You really have brainworms about Huntington. He isn't great but he did well here. A B/B+ job but ultimately needed to go. Jury's still out on whether or not Cherington will do better. Thus far he has done a good job on the easy part - bottoming out and starting to build back up. Good returns on most of our main assets, aside from holding onto Bell a year too long. Sometimes the main piece hasn't worked out but the secondary guys have (e.g., Marcano vs. Suwinski in the Frazier trade). His faith in Marin may be starting to bear fruit...the pitching looks much better this year.
He also won a WS in 2013 w/Boston. Let's gloss over that fact. Or these tidbits:
From December 12, 2005, through January 19, 2006, he served as the Red Sox' co-general manager with
Jed Hoyer during Epstein's absence from the team,
[6] with club president/CEO
Larry Lucchino and veteran former Major League GM
Bill Lajoie also playing key roles during that period. After Epstein's return, Cherington became vice president, player personnel, through January 2009, then senior vice president and assistant GM from 2009 through his promotion to general manager after the 2011 season.
[5]
Cherington inherited a
team that had tumbled out of contention for a division championship or
wild card postseason appearance with a disastrous, 7–20
record during September 2011. The slide cost eight-year
manager Terry Francona his job and occurred as Epstein was negotiating to join the
Chicago Cubs as their president of baseball operations.
[7] Cherington's first major assignment after succeeding Epstein was to find a successor to Francona, but his final candidates were rejected by Boston's ownership and CEO Lucchino in favor of former
Texas Rangers and
New York Mets manager
Bobby Valentine[8] — out of the Majors since
2002, although he had managed the
Chiba Lotte Marines of
Nippon Professional Baseball and served as a television analyst on
ESPN since.
How about the 2018 title, which featured a corps of players that were mostly there because of Cherington:
However, Cherington left behind a group of young players (
Xander Bogaerts,
Mookie Betts,
Brock Holt,
Eduardo Rodríguez,
Blake Swihart,
Travis Shaw,
Henry Owens,
Christian Vázquez, and others) as a potential core of their 2016 team.
[14] Much of this core that Cherington acquired contributed heavily to the Red Sox's
2018 championship
And guess what? He's here, operating with a payroll that is so utterly pathetic, the fact that we're not in last, is a win.

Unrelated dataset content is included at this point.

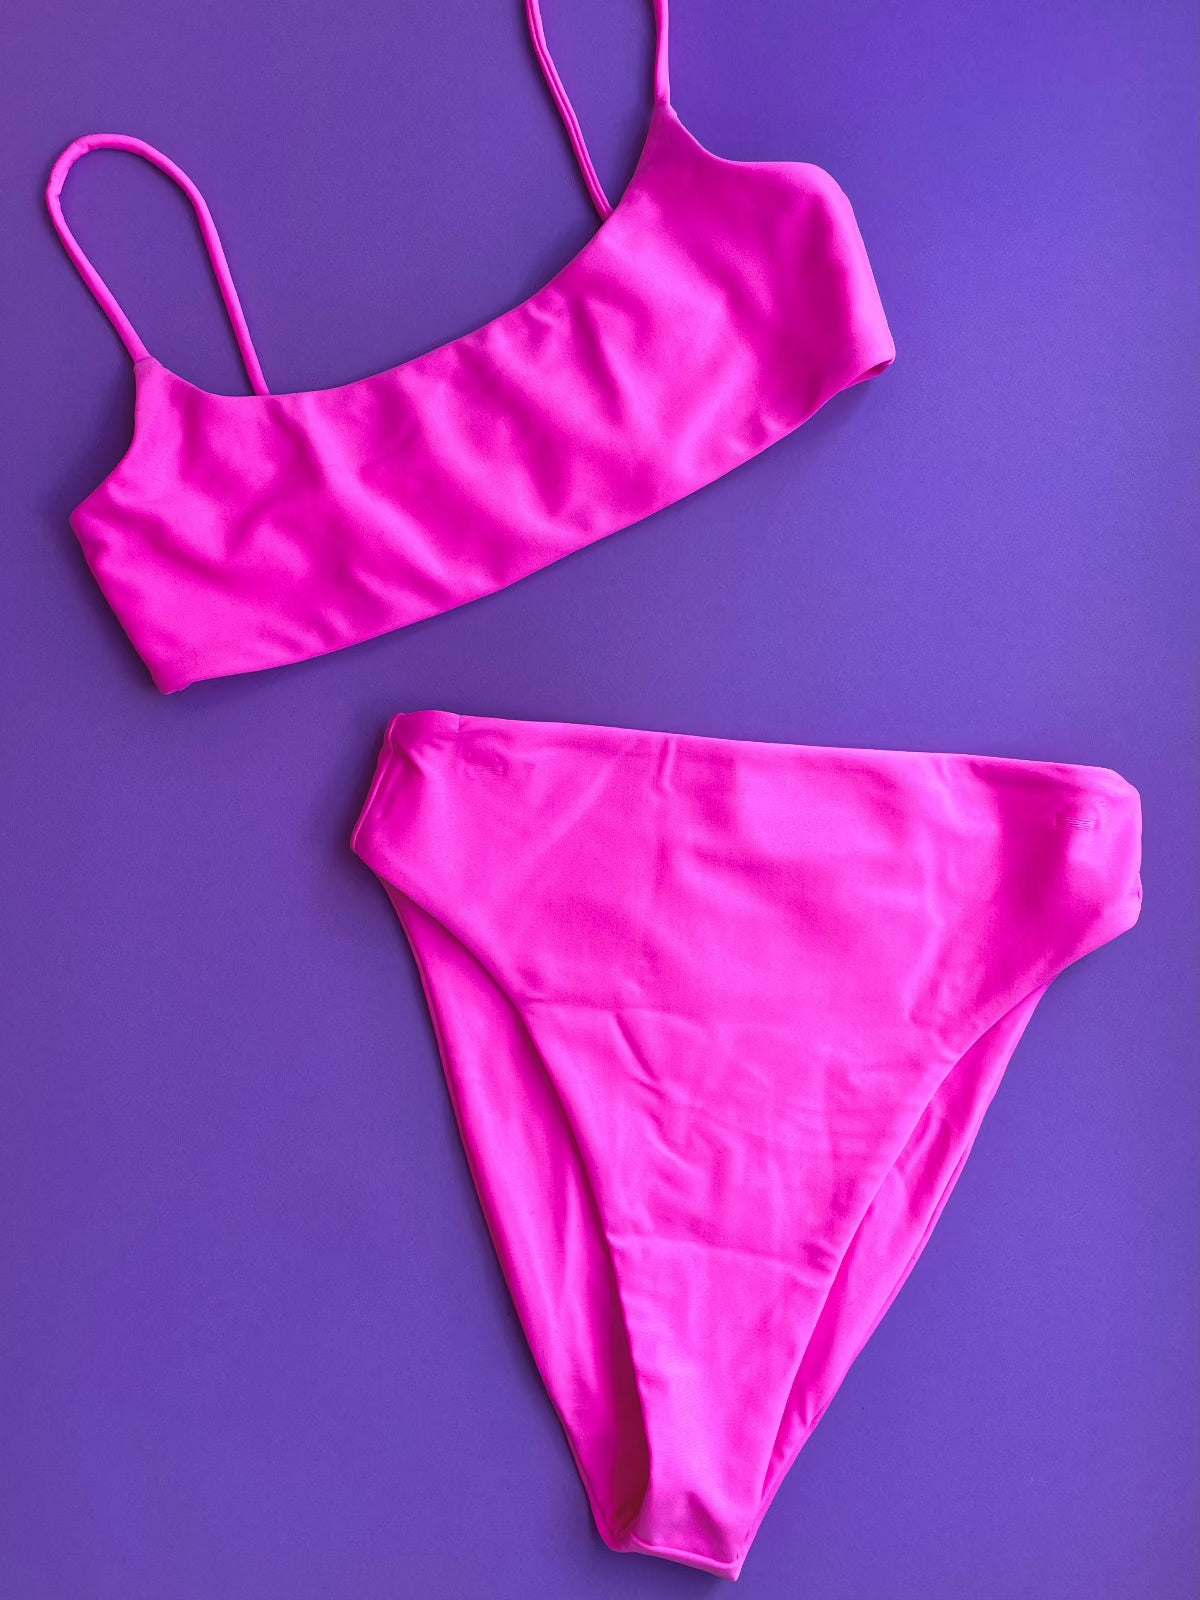 Jade Swim: Incline High Waisted Cheeky Bikini Bottom - Hot Pink

Some of the regulars here are whining and moaning about the ML roster, which is asinine for numerous reasons.
Huntington didn't win until his 6th year. YEAR 6.
We're in May of year 3 for Cherington and already have at worst a top 5 minor league system in baseball, with most having us better than that. That's a fact. So, judging Cherington in the negative at this point is absurd and illogical and quite frankly disingenuous.

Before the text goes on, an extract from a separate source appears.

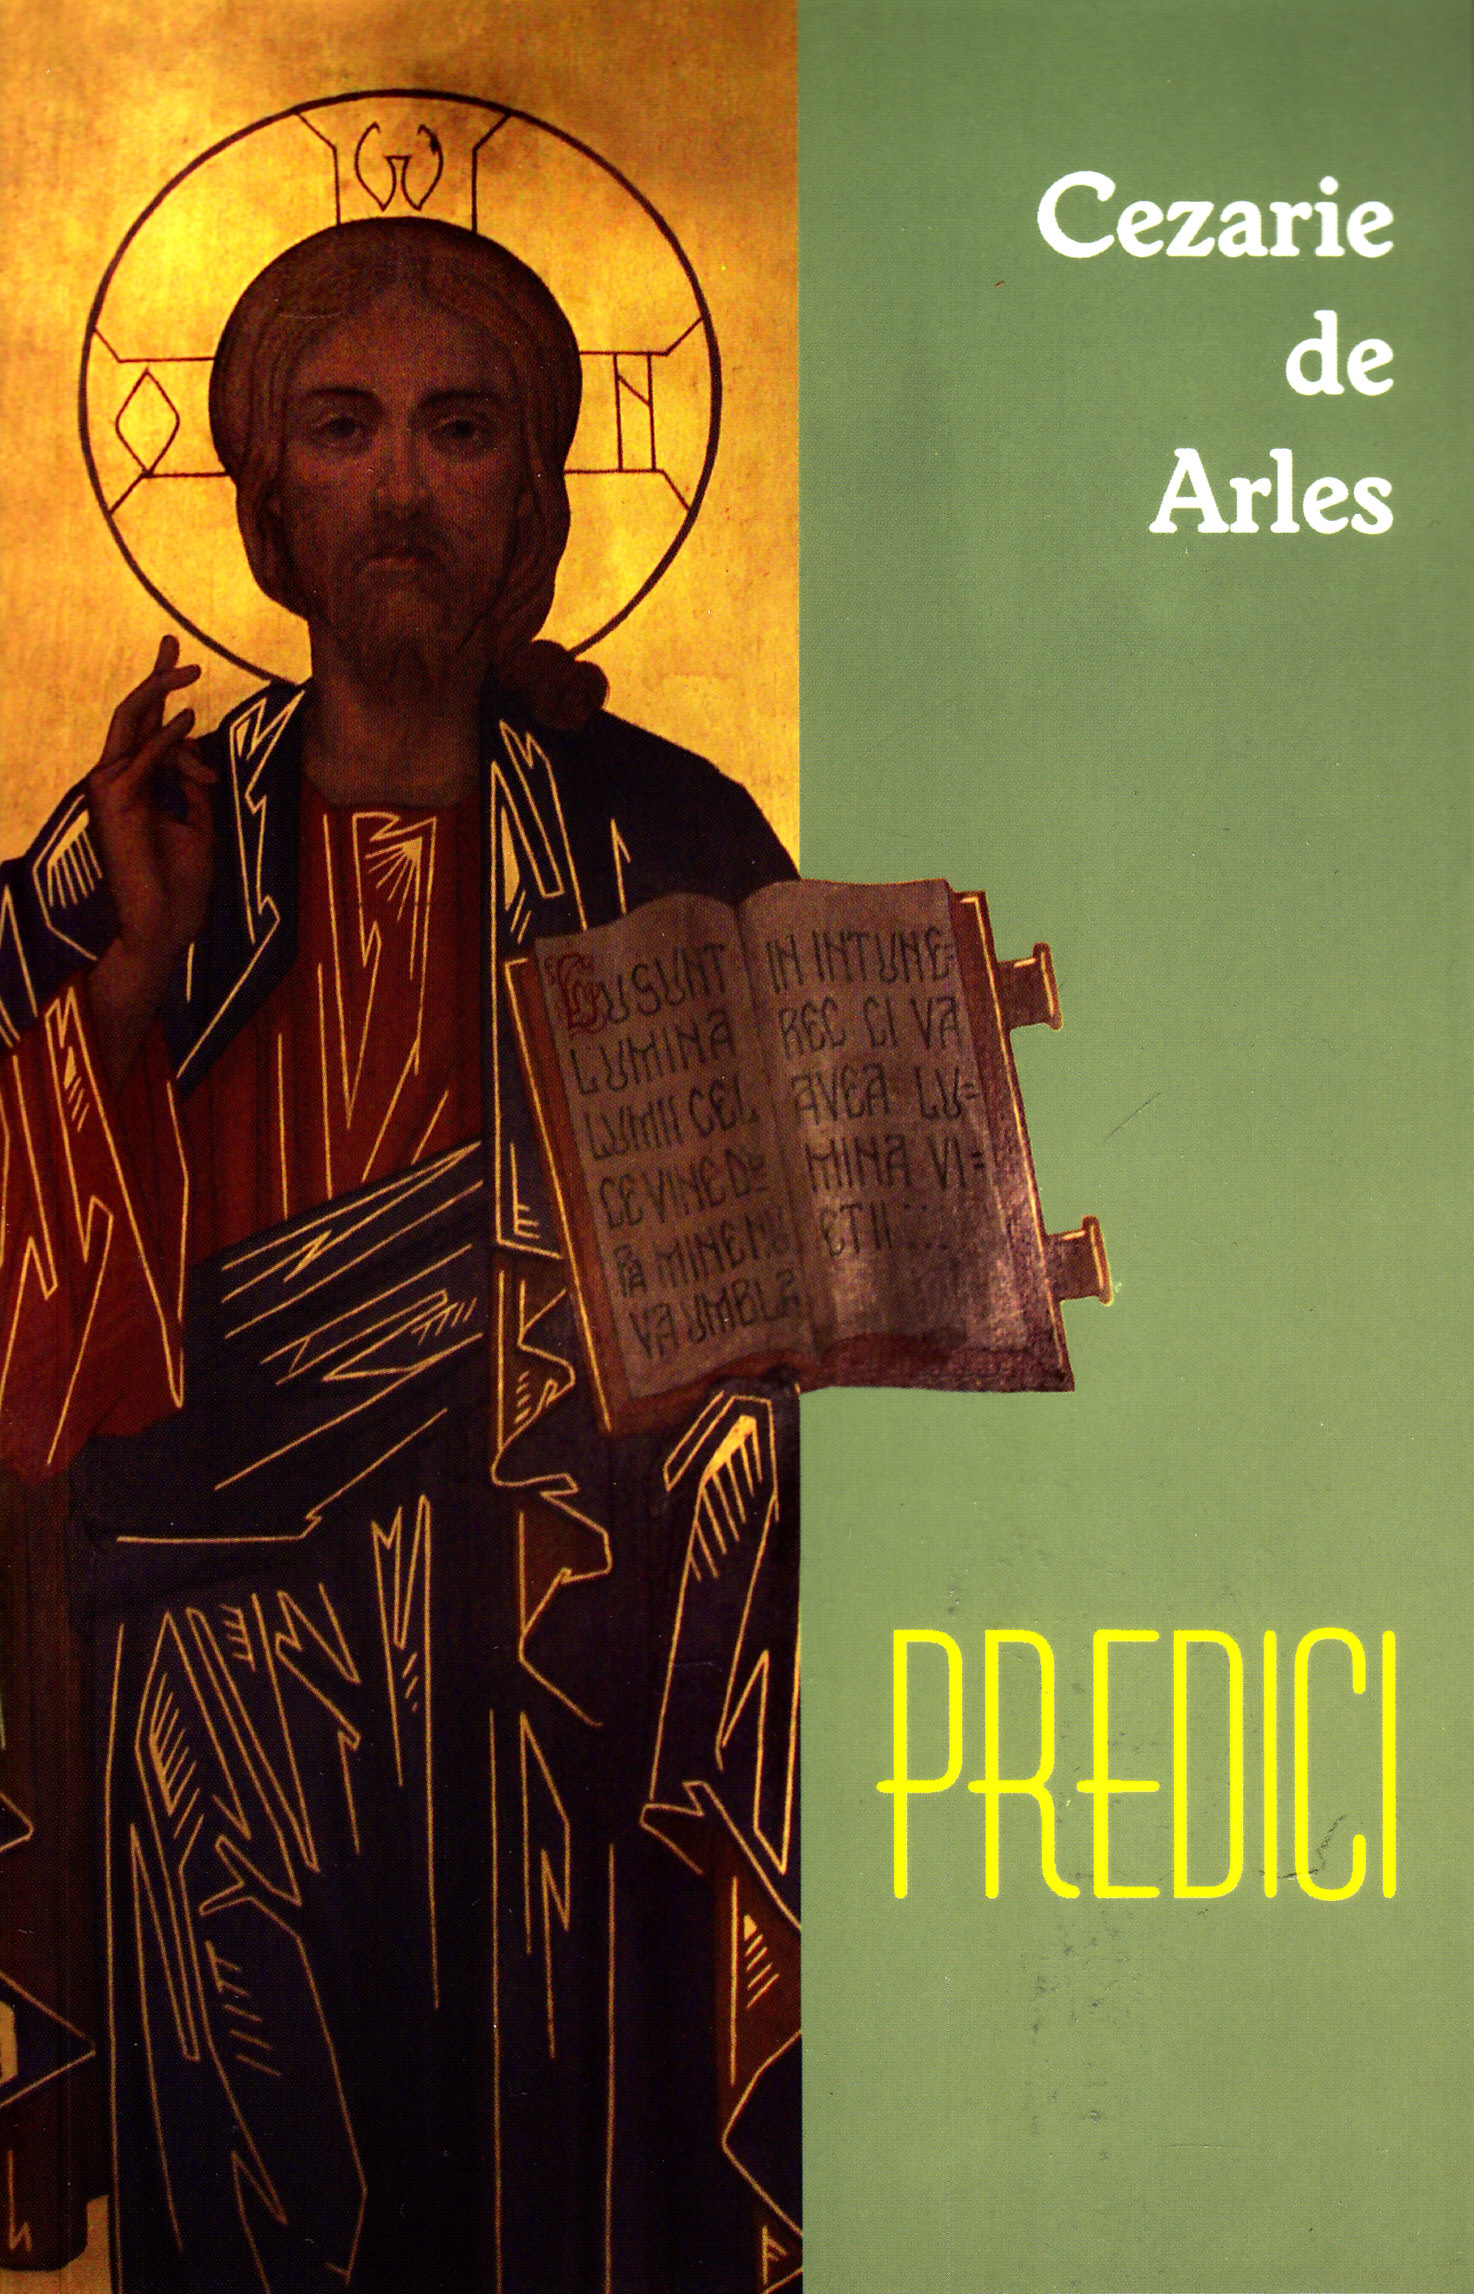 Predici - Cezarie De Arles

Others have lamented at how bad the ML roster is without stating the obvious, which is the payroll is astronomically lower than what the previous GM had to work with for much of his time. Let that sink in. Astronomically lower, and even when Nutting spent upwards of 9 figures, it was still below average in the league. And we're operating on what, half that now?
Oh, he hasn't hit on anyone with a max salary of 2-3M per, with most "FA" signings being league minimum castoffs, because that's all he's been allowed to spend to date. By all means, how is Baltimore doing with a shit payroll? Oakland, Miami, etc, etc?
And yet, Ben Gamel is hitting 300/800+ OPS, for what? 1.8M? That's a huge win.
Jose Quintana? 2M and he's a 2.70 ERA/3.72 FIP guy thus far. That kind of production at 2M dollars per year is a massive win. It would have been a massive win 20 years ago at that price.
How about David Bednar? Name 5 closers you'd start to build w/ before him. I'll wait.
Jack Suwinksi and Castillo have looked like at least useful bench/depth options with the potential to maybe become decent regulars. Obviously they are still young and could go in either direction but both were lotto ticket trade acquisitions.
And again, most of the premium talent Cherington has brought into the system hasn't yet reached the ML level so that factors into why waiting and giving him the same timeline that his predecessor got, is logical.
Huntington's Pirates sucked ass in year 3. They sucked ass in year 4 and it wasn't until year 5 they got close to .500.
If we're losing 90+ games 2-3 years from now, I'll be right up with the rest of the gang screaming for a new GM, although at this point, we really should be running Nutting out of town before anyone. That's a pipe dream it seems.